ZIO in Production: Logging, Monitoring, and Deployment

Why Production Concerns Matter

You've built a ZIO application. It works perfectly on your machine. But production is different:

  • Debugging: When something breaks at 3 AM, you need logs
  • Performance: You need metrics to identify bottlenecks
  • Configuration: Different settings for dev, staging, and production
  • Reliability: Graceful shutdown prevents data loss
  • Observability: You can't fix what you can't see

This lesson transforms your ZIO application from "works on my machine" to production-ready.

Logging with ZIO

The Problem with Traditional Logging

// Traditional approach - manual, no structure
def processOrder(orderId: String): Unit = {
  println(s"Processing order $orderId")  // Lost in production
  // What thread? What timestamp? What level?
}

ZIO provides structured, type-safe logging built into the effect system.

Basic Logging

import zio._

object LoggingExample extends ZIOAppDefault {

  val program = for {
    _ <- ZIO.logInfo("Application started")
    _ <- ZIO.logDebug("Debug information")
    _ <- ZIO.logWarning("Something seems off")
    _ <- ZIO.logError("An error occurred")
  } yield ()

  def run = program
}

Output includes timestamp, level, and fiber information automatically.

Structured Logging

Add context to your logs:

def processOrder(orderId: String, userId: String): Task[Unit] = 
  ZIO.logSpan("process-order") {
    for {
      _ <- ZIO.logInfo(s"Processing order") @@ 
           ZIOAspect.annotated("orderId", orderId) @@
           ZIOAspect.annotated("userId", userId)
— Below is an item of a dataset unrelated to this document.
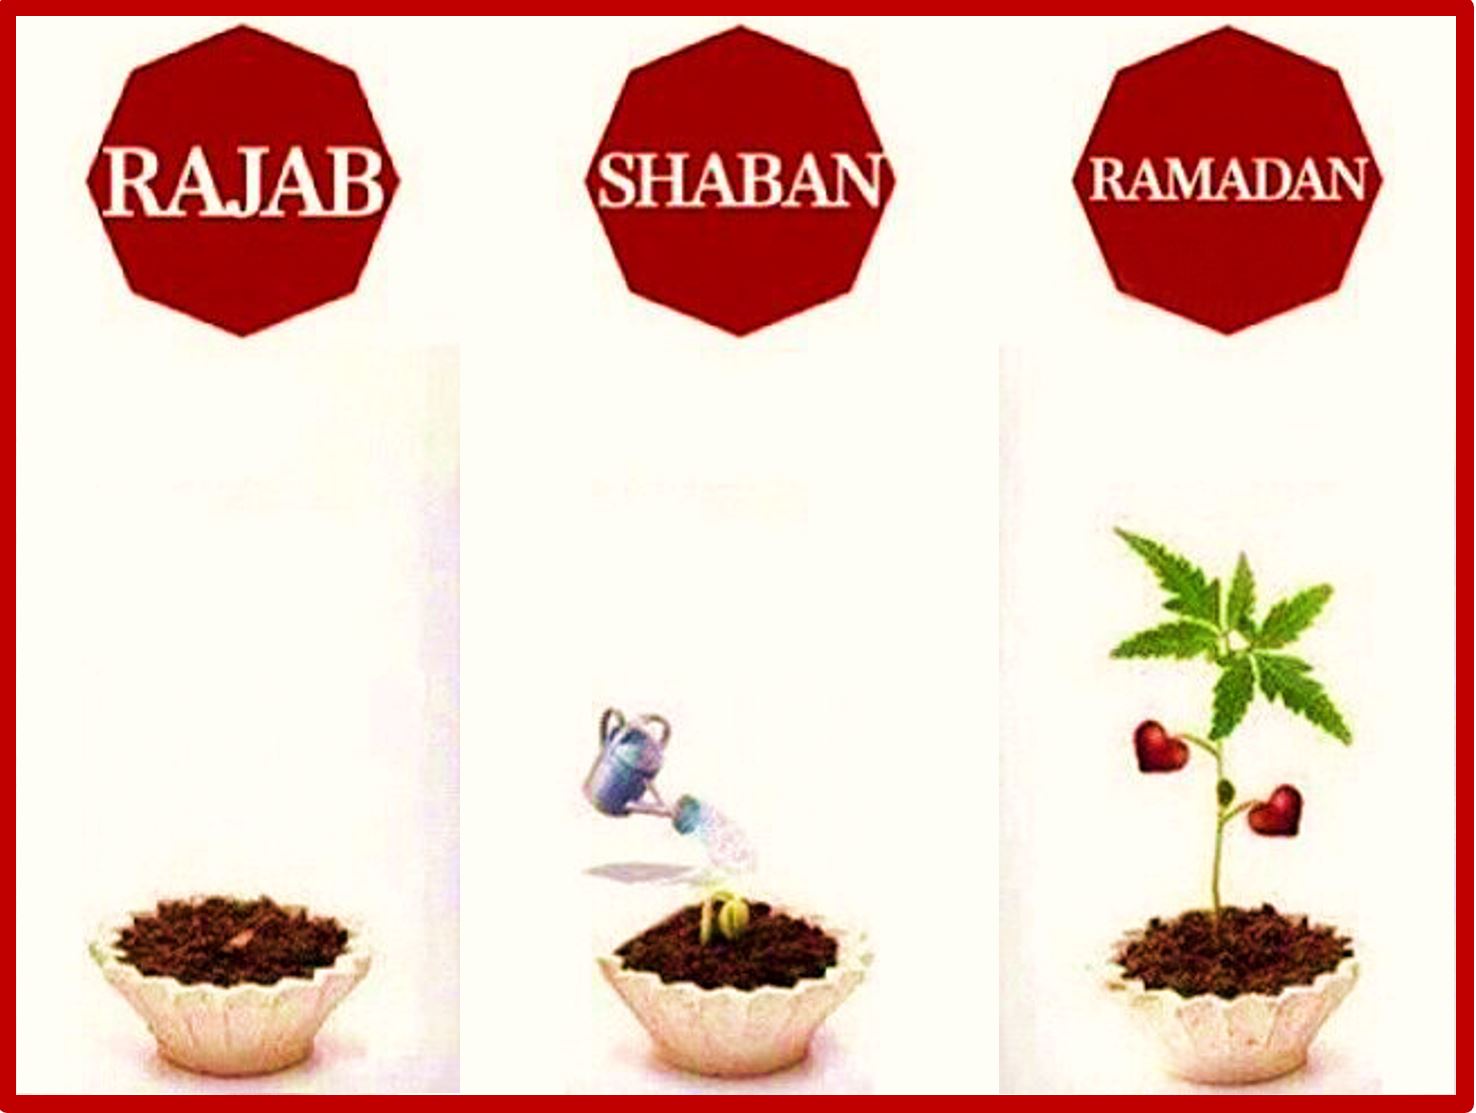 Rajab Shaban Ramadan Plant Seeds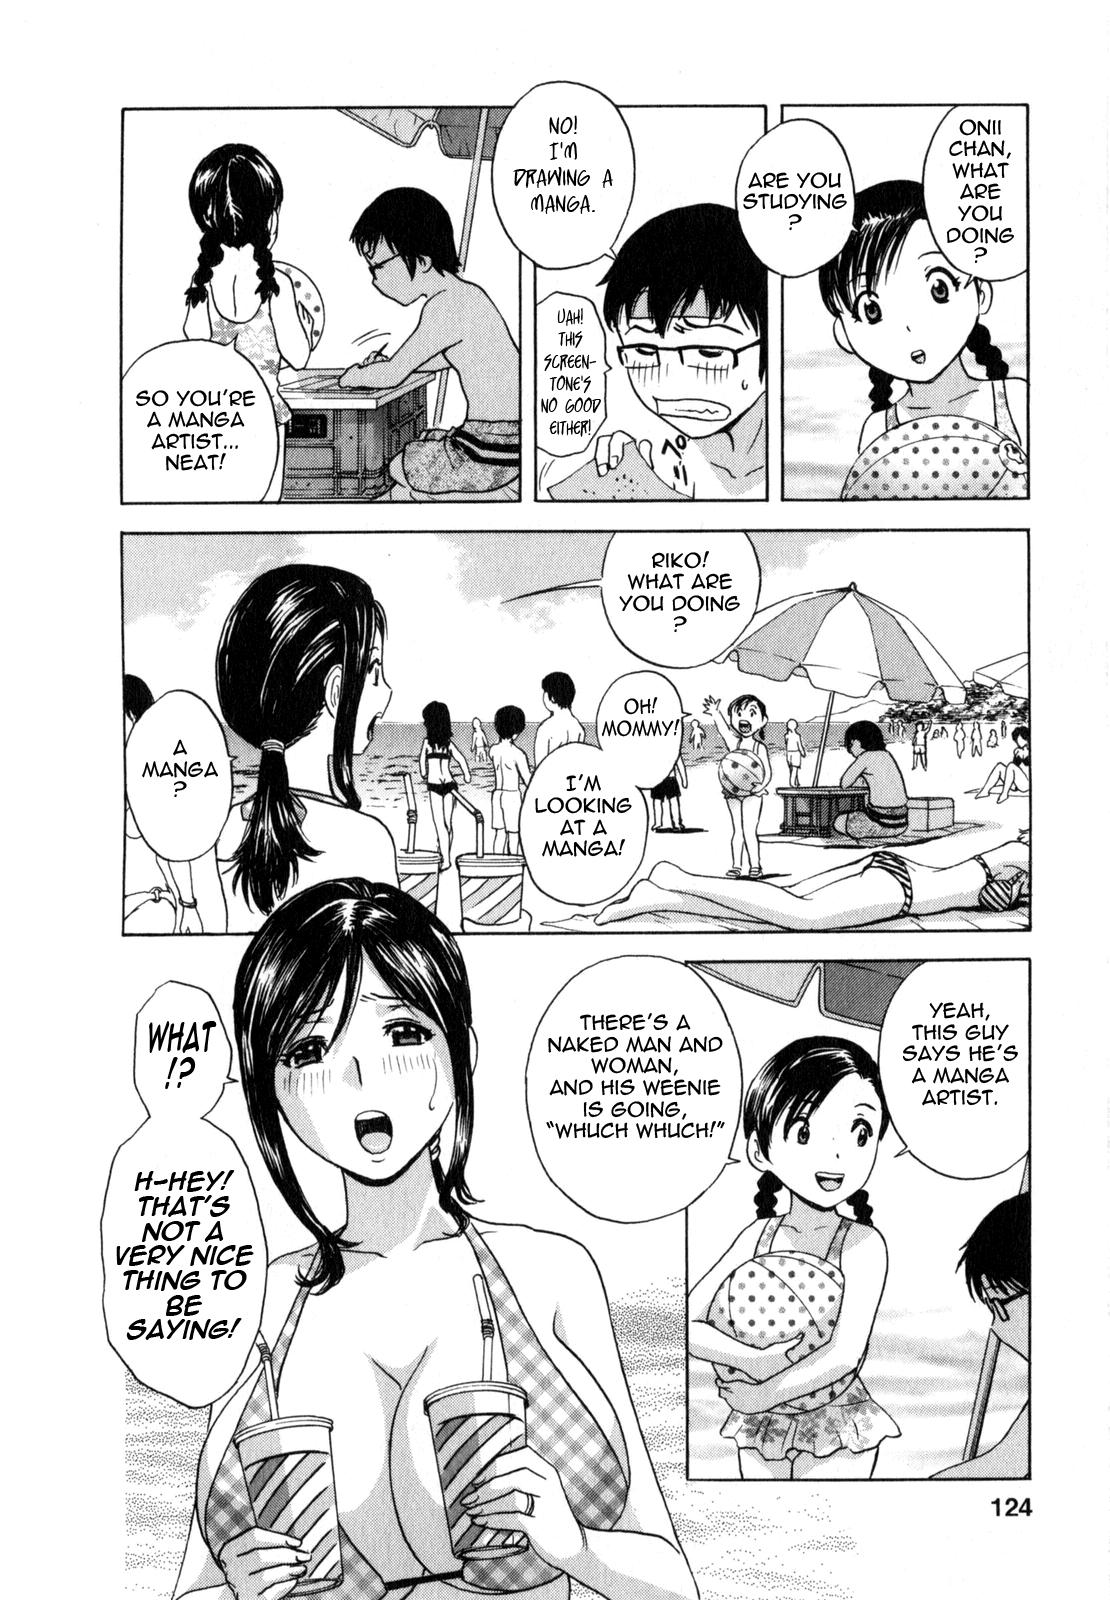 [Hidemaru] Life with Married Women Just Like a Manga 2 - Ch. 1-7 [English] {Tadanohito} 129

      _ <- validateOrder(orderId)
      _ <- chargeCustomer(userId)
      _ <- shipOrder(orderId)

      _ <- ZIO.logInfo("Order completed successfully")
    } yield ()
  }

All logs within the span include the annotations. This makes debugging distributed systems much easier.

Log Levels and Filtering

import zio.LogLevel

object ConfiguredLogging extends ZIOAppDefault {

  // Set minimum log level
  override val bootstrap = Runtime.setConfigProvider(
    ConfigProvider.fromMap(
      Map("logger.level" -> "INFO")
    )
  )

  val program = for {
    _ <- ZIO.logDebug("This won't appear (below INFO)")
    _ <- ZIO.logInfo("This appears")
    _ <- ZIO.logError("This definitely appears")
  } yield ()

  def run = program
}

Custom Logger

import zio.logging._

// JSON logger for production
val jsonLogger = Runtime.removeDefaultLoggers >>>
  consoleJsonLogger(
    LogFormat.default,
    LogLevel.Info
  )

object ProductionApp extends ZIOAppDefault {
  override val bootstrap = jsonLogger

  val program = for {
    _ <- ZIO.logInfo("Server started")
    _ <- ZIO.logInfo("Ready to accept connections") @@
         ZIOAspect.annotated("port", "8080")
  } yield ()

  def run = program
}

Output:

{"timestamp":"2024-01-15T10:30:00Z","level":"INFO","message":"Server started"}
{"timestamp":"2024-01-15T10:30:01Z","level":"INFO","message":"Ready to accept connections","port":"8080"}

Integration with SLF4J

For existing infrastructure:

import zio.logging.slf4j._

val slf4jLogger = Slf4j.slf4j

object LegacyIntegration extends ZIOAppDefault {
  override val bootstrap = Runtime.removeDefaultLoggers >>> slf4jLogger

  def run = ZIO.logInfo("Logs to SLF4J backend")
}

Now your ZIO logs go through Logback, Log4j, or any SLF4J backend.

Metrics and Monitoring

Why Metrics?

Logs tell you what happened. Metrics tell you how well it's happening:

  • Request latency
  • Error rates
  • Resource usage
  • Business metrics (orders/second, revenue, etc.)

Built-in Metrics

import zio.metrics._

def handleRequest(request: Request): Task[Response] = 
  (for {
    _ <- ZIO.succeed(())
    response <- processRequest(request)
  } yield response)
    @@ Metric.counter("http_requests_total")
    @@ Metric.gauge("active_requests")(1.0)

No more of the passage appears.